Department of Prosthetic Dentistry, Center for Dental and Oral Medicine, University Medical Center Hamburg-Eppendorf, Martinistrasse 52, 20246 Hamburg, Germany.
Int J Mol Sci. 2018 Jul 6;19(7):1978. doi: 10.3390/ijms19071978.
Oral infections occur frequently in humans and often lead to chronic inflammations affecting the teeth (i.e., caries), the gingival tissues surrounding the teeth (i.e., gingivitis and endodontic lesions), and the tooth-supporting structures (i.e., periodontitis).
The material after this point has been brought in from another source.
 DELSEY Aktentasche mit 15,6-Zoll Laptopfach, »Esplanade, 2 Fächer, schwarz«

At least four basic pathogenic mechanisms have been proposed that involve oral inflammations in the pathogenesis of atherosclerosis: (1) low level bacteremia by which oral bacteria enter the blood stream and invade the arterial wall; (2) systemic inflammation induced by inflammatory mediators released from the sites of the oral inflammation into the blood stream; (3) autoimmunity to host proteins caused by the host immune response to specific components of oral pathogens; (4) pro-atherogenic effects resulting from specific bacterial toxins that are produced by oral pathogenic bacteria. In this narrative review, we summarize published experimental evidence related to these four mechanisms and discuss their impact on the pathogenesis of atherosclerosis.
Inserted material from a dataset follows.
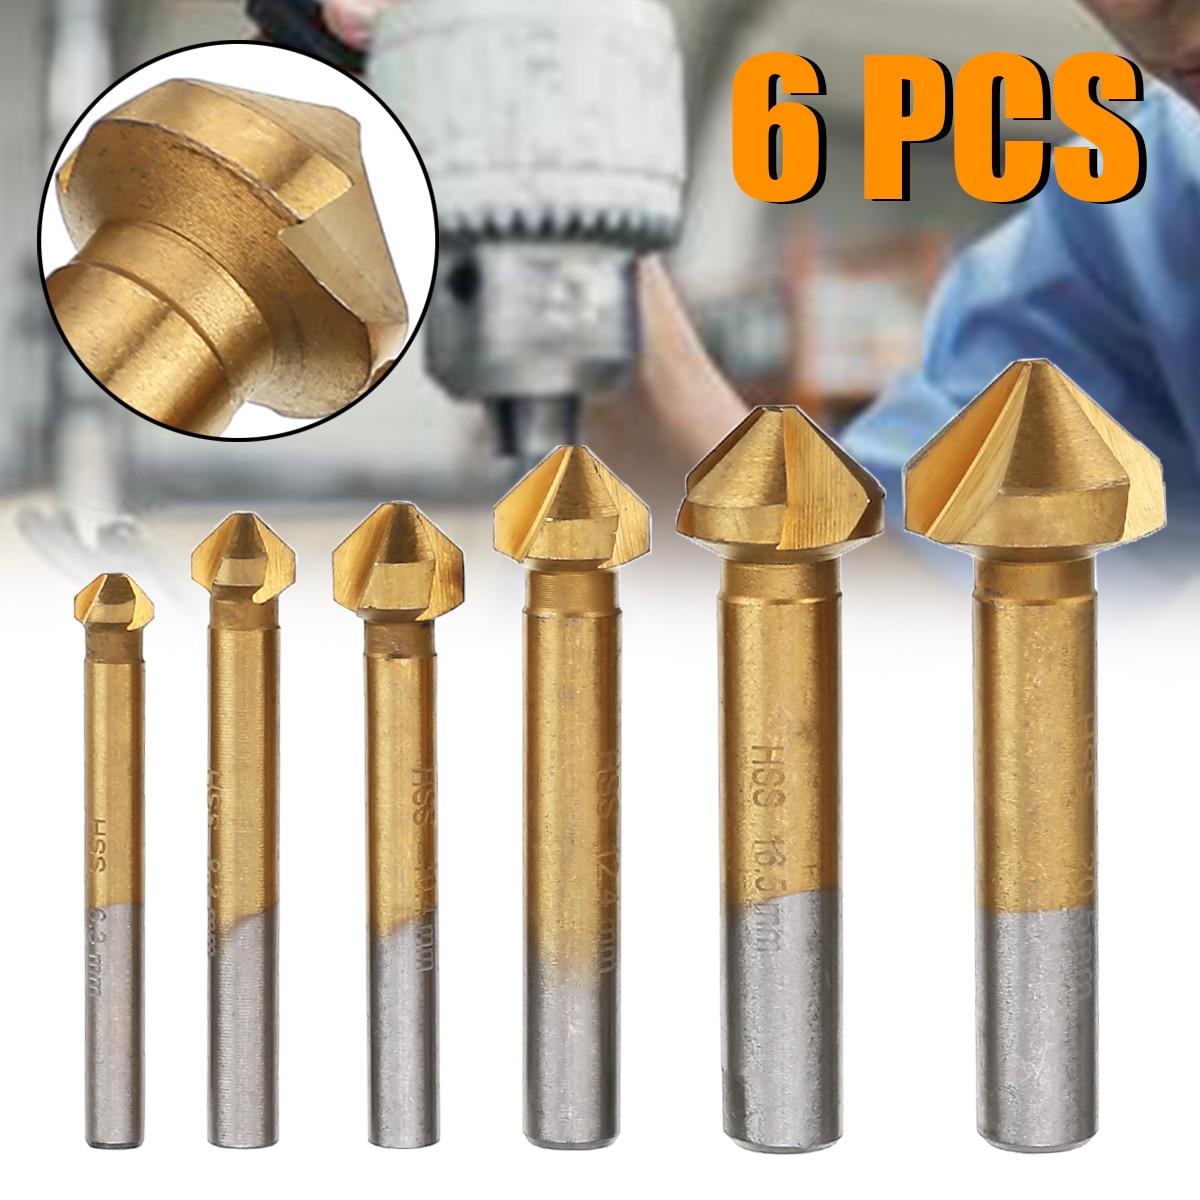 6 peças de chanfradura redonda da pata cortador de chanfradura 90 graus chanfradura fresa chanfradura conjunto de brocas 6.3mm-20.5mm

口腔感染在人类中很常见,常导致慢性炎症,影响牙齿(如龋齿)、牙齿周围的牙龈组织(如牙龈炎和牙髓病变)以及牙齿支持组织(如牙周炎)。至少有四个基本的发病机制被提出,涉及口腔炎症在动脉粥样硬化发病机制中的作用:(1)低水平菌血症,即口腔细菌进入血液并侵入动脉壁;(2)炎症介质从口腔炎症部位释放到血液中引起的全身炎症;(3)宿主对口腔病原体特定成分的免疫反应引起的自身免疫;(4)特定细菌毒素产生的促动脉粥样硬化作用,这些毒素由口腔致病菌产生。在本综述中,我们总结了与这四个机制相关的已发表的实验证据,并讨论了它们对动脉粥样硬化发病机制的影响。